The envoy said they must build linkages between the Himalayas and the Bay of Bengal, between hills and plains, and between markets and minds.
“But much remains to be done to connect our religious and archaeological sites, and eco-tourism and adventure destinations through tourism circuits. We must promote innovation, ignite entrepreneurship, and build stronger bonds between the peoples and business communities,” he said.
On climate change, the envoy said both Nepal and Bangladesh are at the frontline of the climate crisis.
“We can prioritize climate action and build climate-resilient pathways in line with the pledges of Nepal and Bangladesh to reduce carbon emissions and in line with the global target of net-zero emission scenario by 2050,” he said.

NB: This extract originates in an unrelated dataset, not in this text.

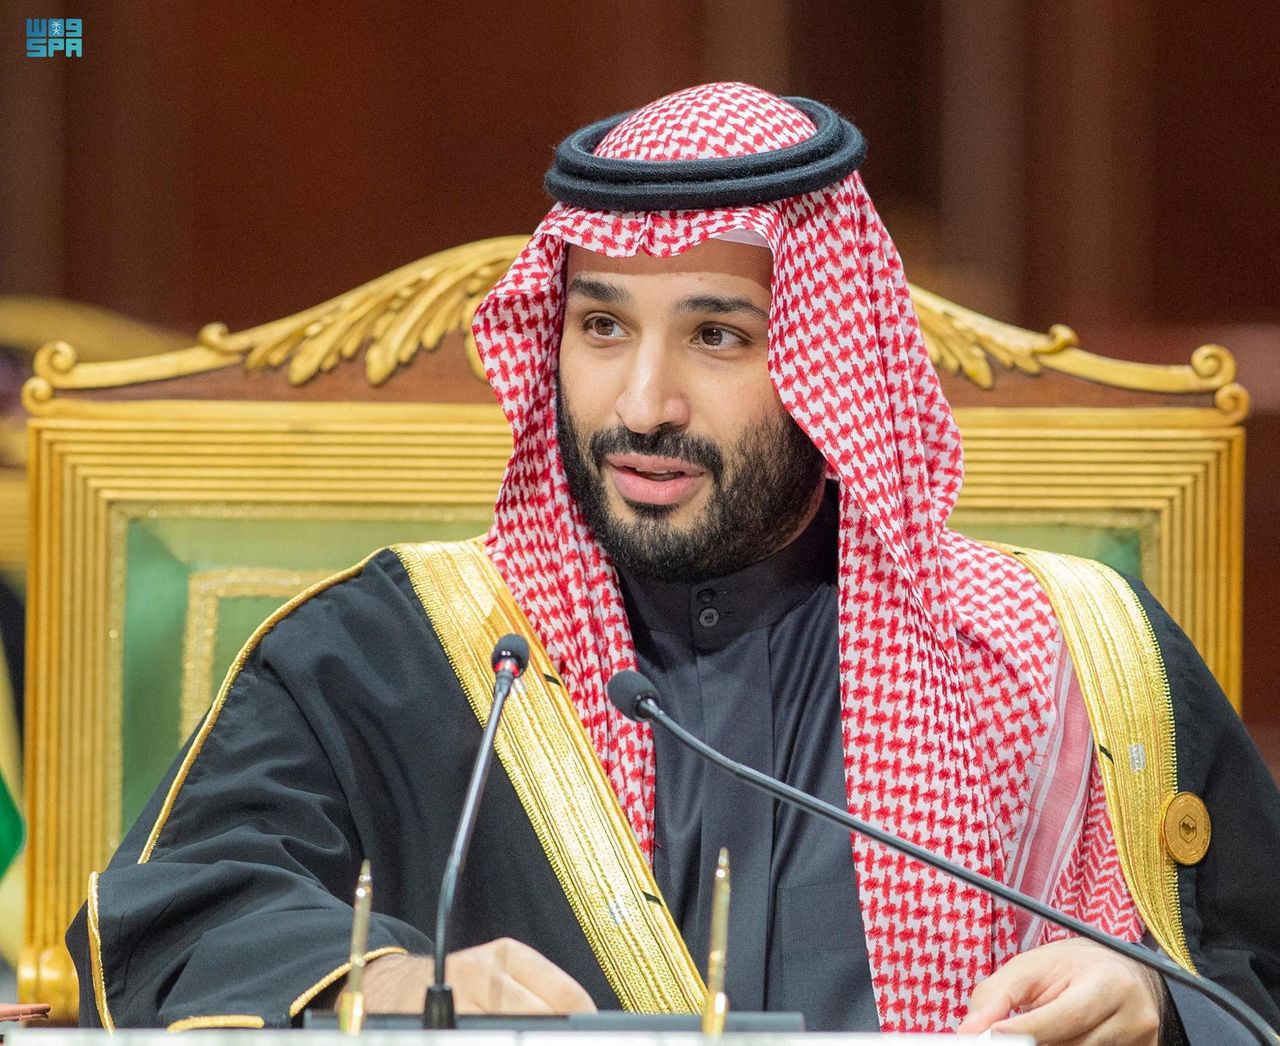 Imagen de archivo del príncipe heredero de Arabia Saudita, Mohammed bin Salman, hablando durante la Cumbre del Golfo en Riad, Arabia Saudita. 14 de diciembre, 2021. Bandar Saudi Press Agency/Handout via REUTERS

The ambassador said they must continue to champion the climate agenda at the global stage, just like we did around ‘loss and damage’ at Sharm El-Sheikh. “We need to continue raising voices, including for climate finance, share our experiences and best practices, and work together for protecting our peoples, and for conserving the ecosystems.”
Just like two ‘schoolmates of development’, the ambassador said, the two countries are both set to graduate from the Least Developed Country (LDC) category by 2026.
Of course, graduation is an important development milestone for both of our countries, he said, but going forward, the two countries are sure to confront various challenges including due to the loss of international support measures.
“So, we must work together and push against any pushback to ensure a smooth, sustainable, and irreversible graduation. Sharing of experiences during the current preparatory period will be critical,” the envoy said.
In his concluding remarks, Masud Khan said they must explore and exploit mutual opportunities and resources in three areas like 3 Cs, climate, culture, commerce from tourism to renewables, from climate and cultural collaboration to commercial collaboration. “The opportunities are endless.”